Che fare? «Portare la pace in Siria - risponde Riccardi - perché questa guerra è la madre di milioni di profughi in cerca di salvezza e di conflitti a catena che rischia di coinvolgere tutti i Paesi mediorientali. Il problema dell'immigrazione non si può fermare se non si riporta la pace in Medio Oriente e nelle aree di crisi dell'Africa e dell'Asia. La risposta alle nostre fragilità e al timore del contagio fondamentalista in Europa certo non è Marie Le Pen».
«Il Mediterraneo - osserva padre Bartolomeo Sorge - oggi è una frontiera politica e culturale e con lo sbarco del fondamentalismo in Libia e in Egitto rischia di diventare un luogo di conflitto. Premesso che il fenomeno migratorio, seppure pieno di rischio, offre comunque opportunità, allora il nostro impegno è trasformare il Mediterraneo da cimitero in ponte tra civiltà diverse che si affacciano sullo stesso mare. Il Mediterraneo apre un mondo futuro all'umanità. Il pugno di ferro non serve a nulla. Occorre un nuovo umanesimo concreto, con un'anima e un cuore caldo, con una grammatica etica che è uguale in ogni parte del mondo e che si basa sulla dignità dell'uomo e sulla solidarietà. Siamo obbligati a vivere uniti rispettandoci diversi. Le culture sono nate per fecondarsi reciprocamente, senza omologazione né marginalizzazioni. Il nuovo umanesimo è un sogno? I sogni ad occhi aperti cambiano il mondo».

TUTTE LE CIFRE Gli immigrati sbarcati in Italia nel 2014 sono stati 170.081. Di questi 120.239 sono arrivati in Sicilia. Suddivisi per nazionalità 42.425 provenienti dalla Siria (dei quali circa 500 hanno presentato domanda d'asilo politico); 34.329 dall'Eritrea; 9.908 dal Mali; 9.000 dalla Nigeria; 8.691 dal Gambia; 6.017 dalla Palestina; 5.756 dalla Somalia; 4.933 dal Senegal; 4.386 dal Bangladesh; 4.095 dall'Egitto. I minori non accompagnati, sempre nel 2014, sono stati 14.300, di cui 3.700 si sono "persi", nel senso che si sono allontanati facendo perdere le loro tracce dopo lo sbarco, e 729 accolti nello Sprar, il Sistema di protezione per richiedenti asilo e rifugiati.
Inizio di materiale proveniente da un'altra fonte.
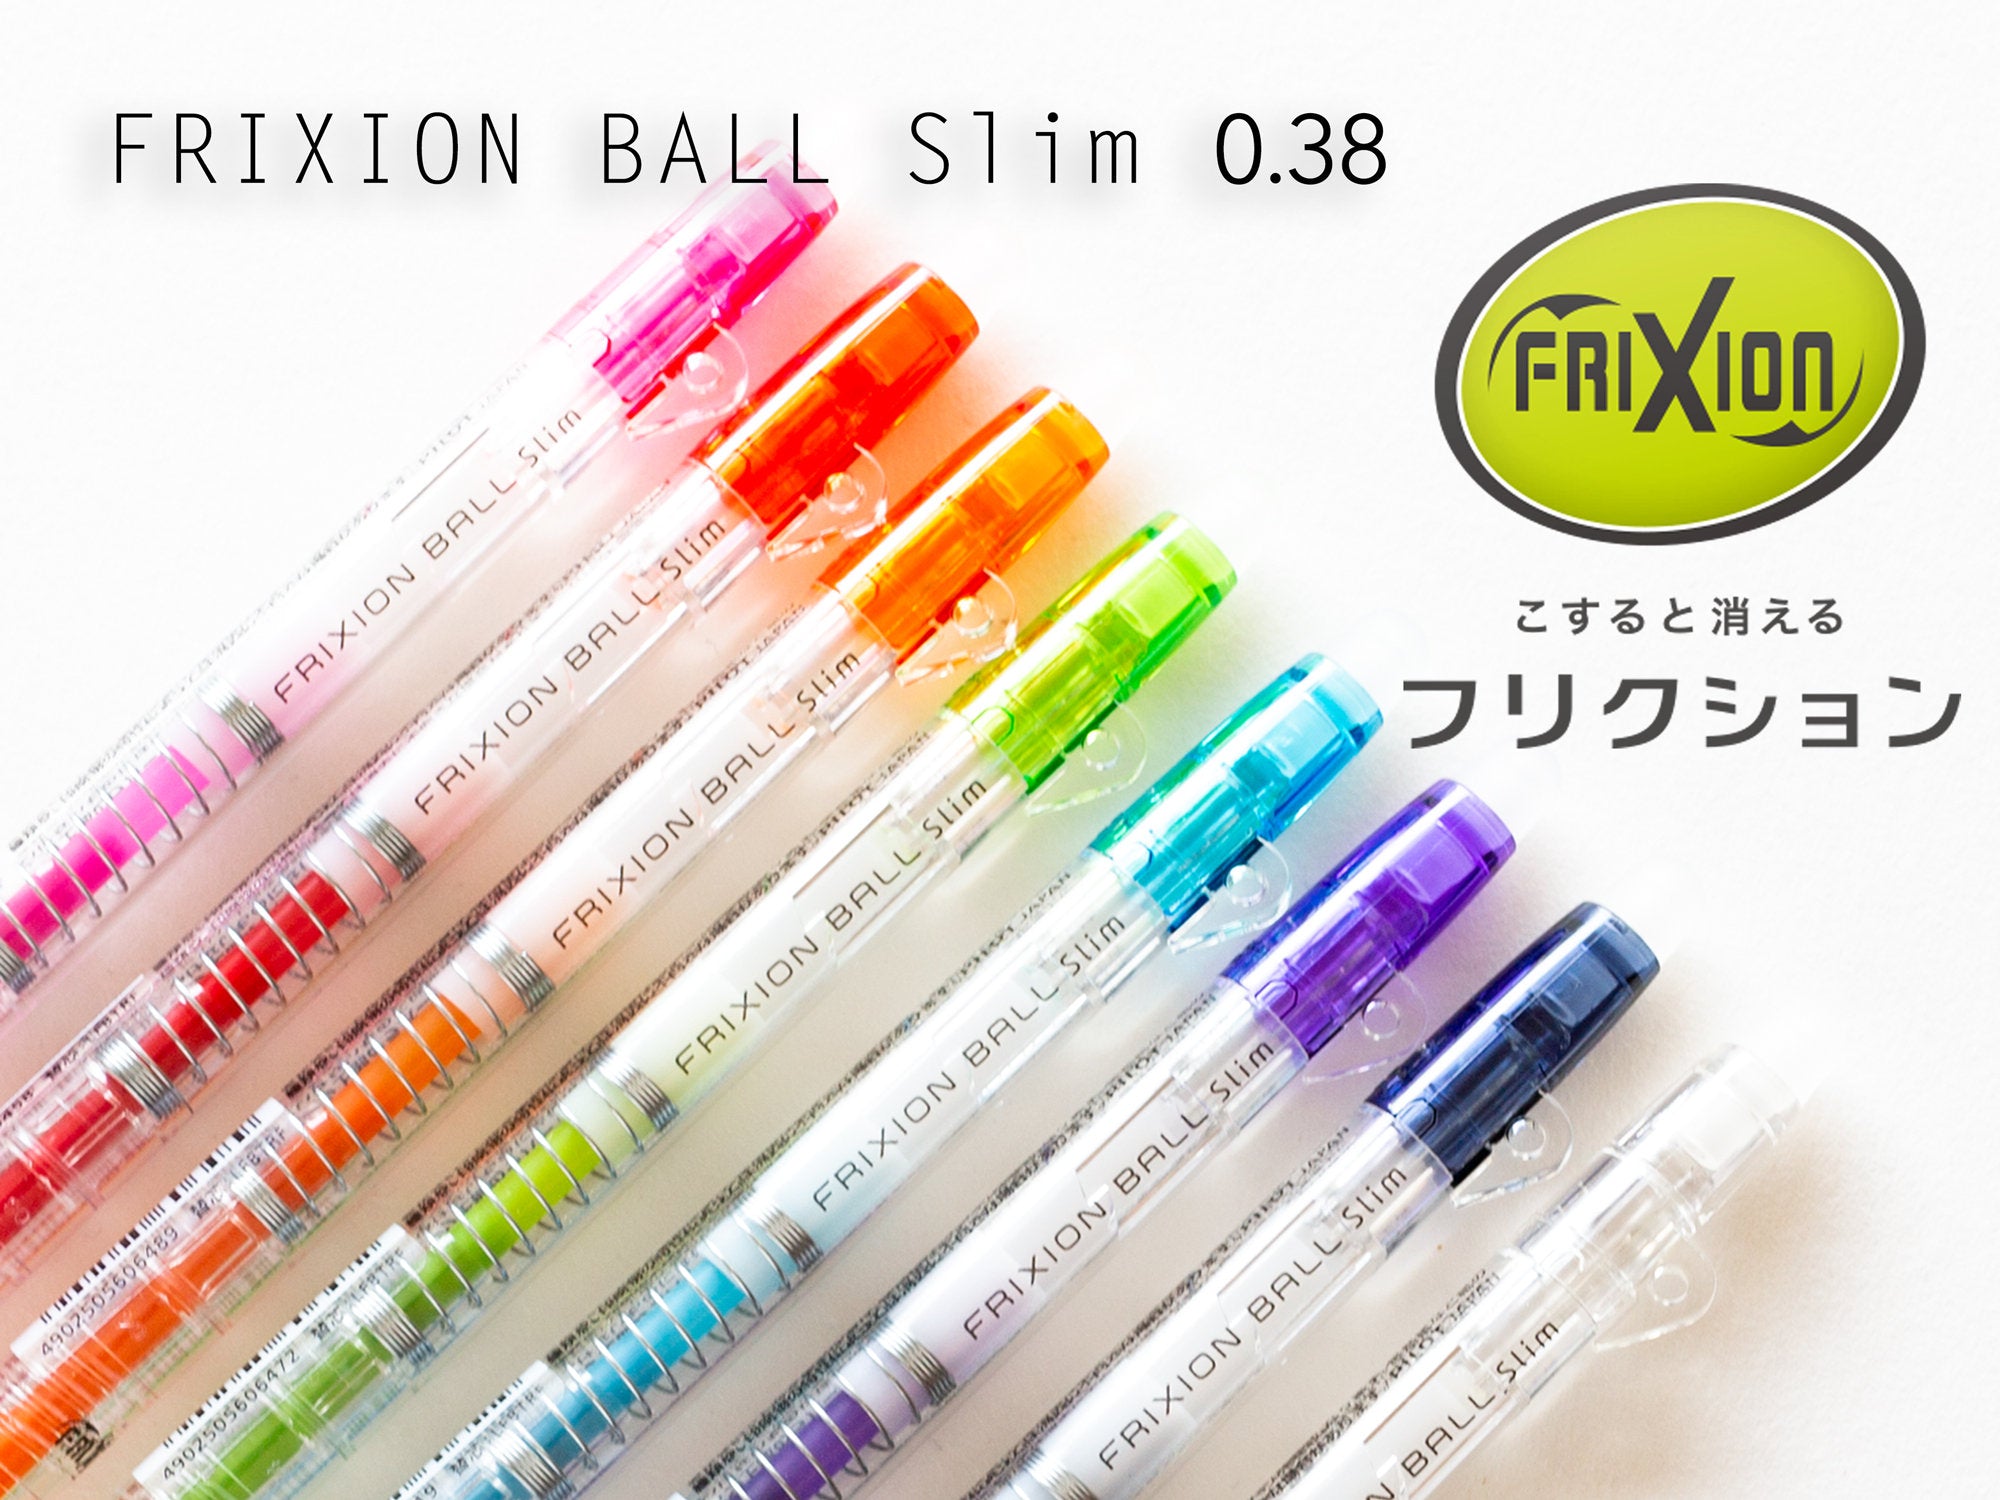 Pilot FriXion Ball Slim Gel Pen - 0.38 mm - Black

All'1 gennaio 2014, in prima e seconda accoglienza erano presenti circa 66.000 degli arrivati, 9.638 nei Cda, Cara e Cpsa (4.200 dei quali in Sicilia); 35.516 nei centri di accoglienza temporanea: 5.504 in Sicilia (4.000 a Mineo); 4.347 in Lombardia; 3.708 in Campania; 2.804 in Lazio; 2.648 in Emilia Romagna. Infine, 20.319 in diversi progetti: 4.791 in Lazio; 4.209 in Sicilia; 1.948 in Calabria; 1.882 in Puglia; 1.155 in Campania.